**SUPPLIED MATERIAL**
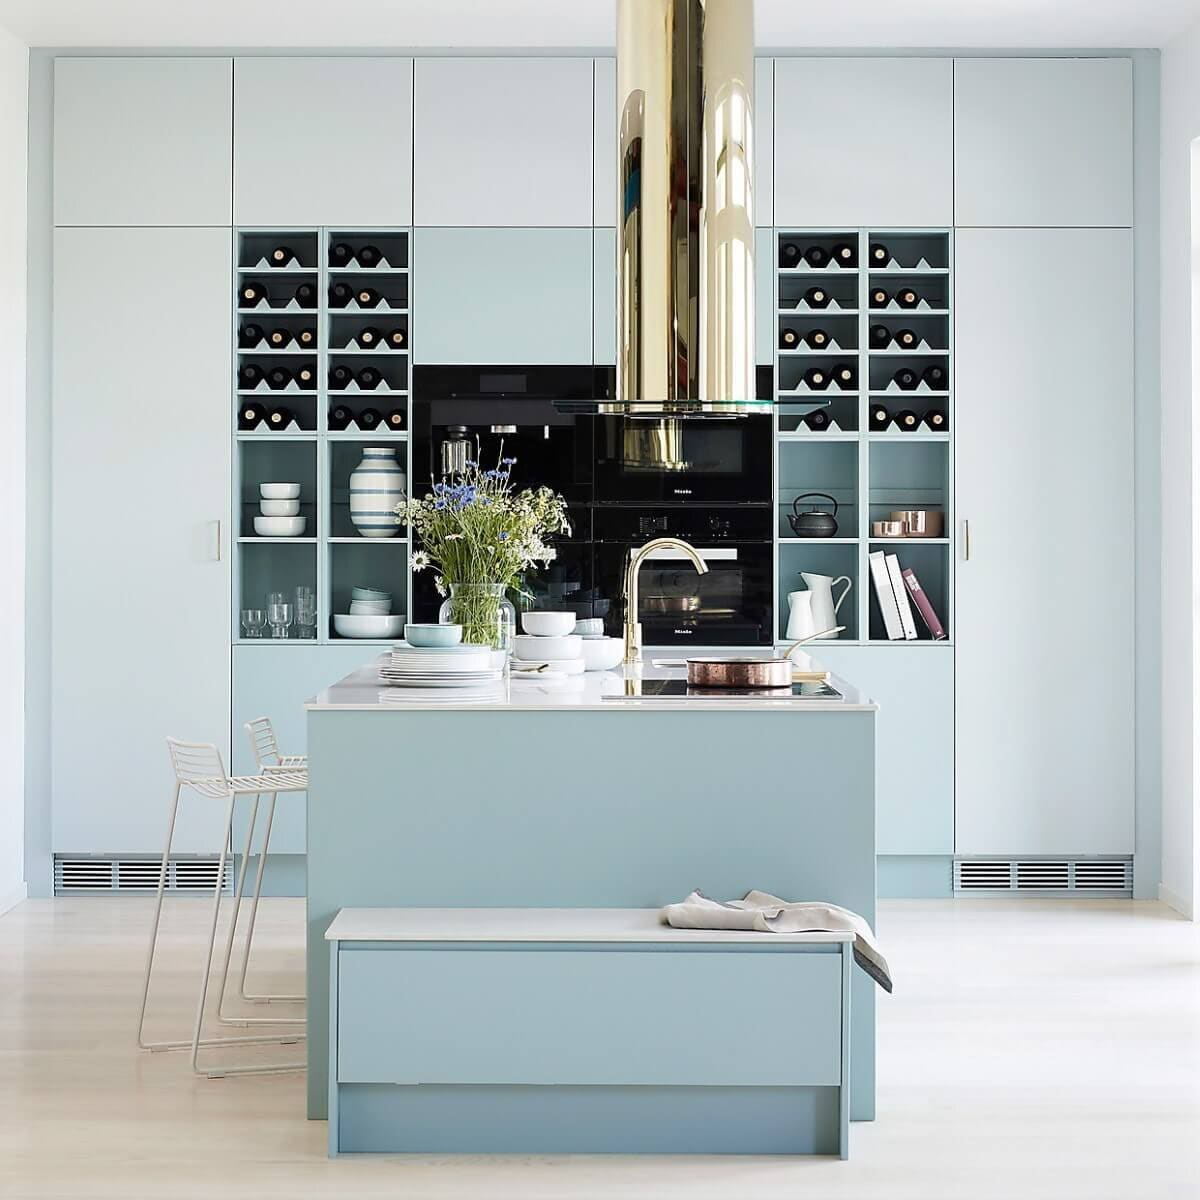 Frihängande köksfläkten Ikon i mässingutförande i modernt kök i ljusblåa toner.
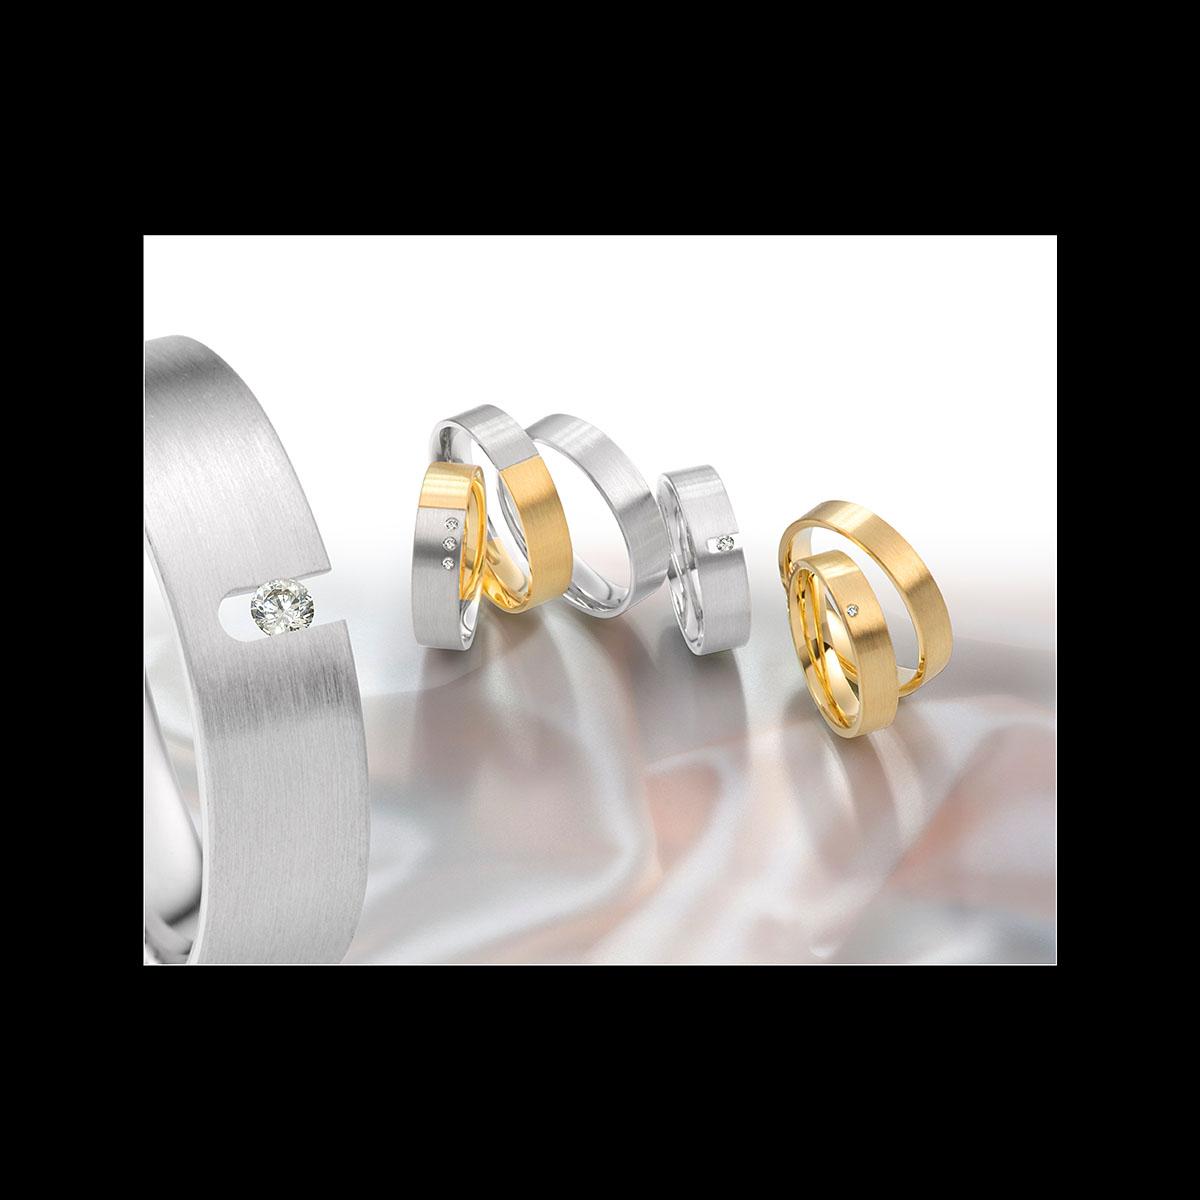 Von Analog zu digital - Ähnlich wie der Cibachrome® (Ilfochrome®) im klassischen Bereich zeichnet sich das MASTERCLASS Metallic Pearl von Sihl durch besonderen Glanz und eine hohe Brillanz sowie extreme Schärfe aus.
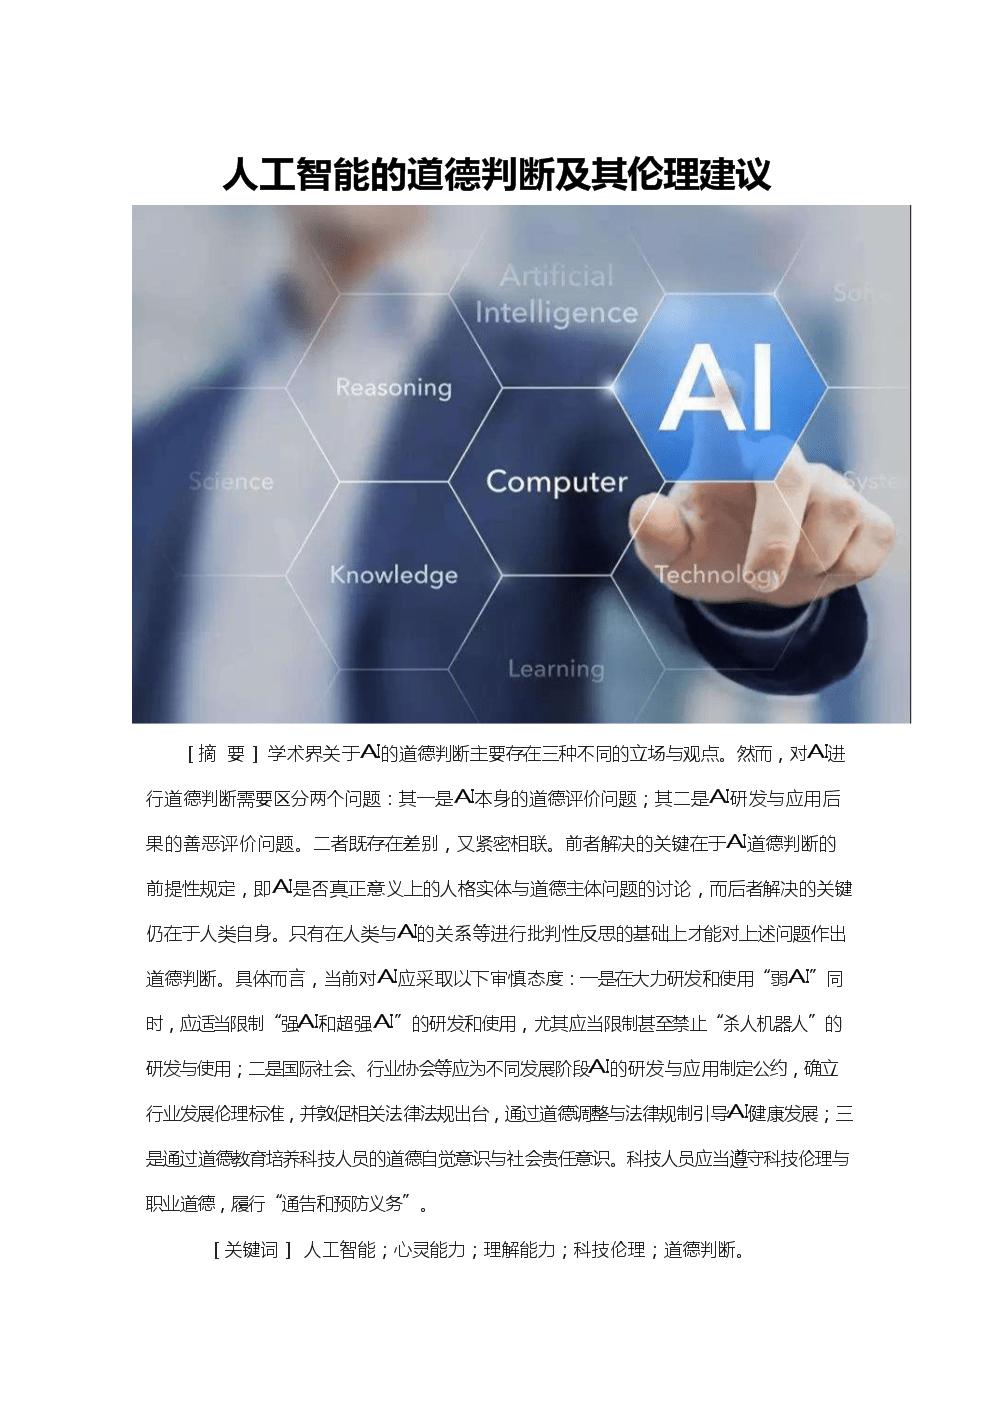 人工智能的道德判断及其伦理建议.docx

**TASK ITEM**
Leaving the pictures out, set down all of the data again exactly.

**SOLUTION**
 Frihängande köksfläkten Ikon i mässingutförande i modernt kök i ljusblåa toner.
 Von Analog zu digital - Ähnlich wie der Cibachrome® (Ilfochrome®) im klassischen Bereich zeichnet sich das MASTERCLASS Metallic Pearl von Sihl durch besonderen Glanz und eine hohe Brillanz sowie extreme Schärfe aus.
 人工智能的道德判断及其伦理建议.docx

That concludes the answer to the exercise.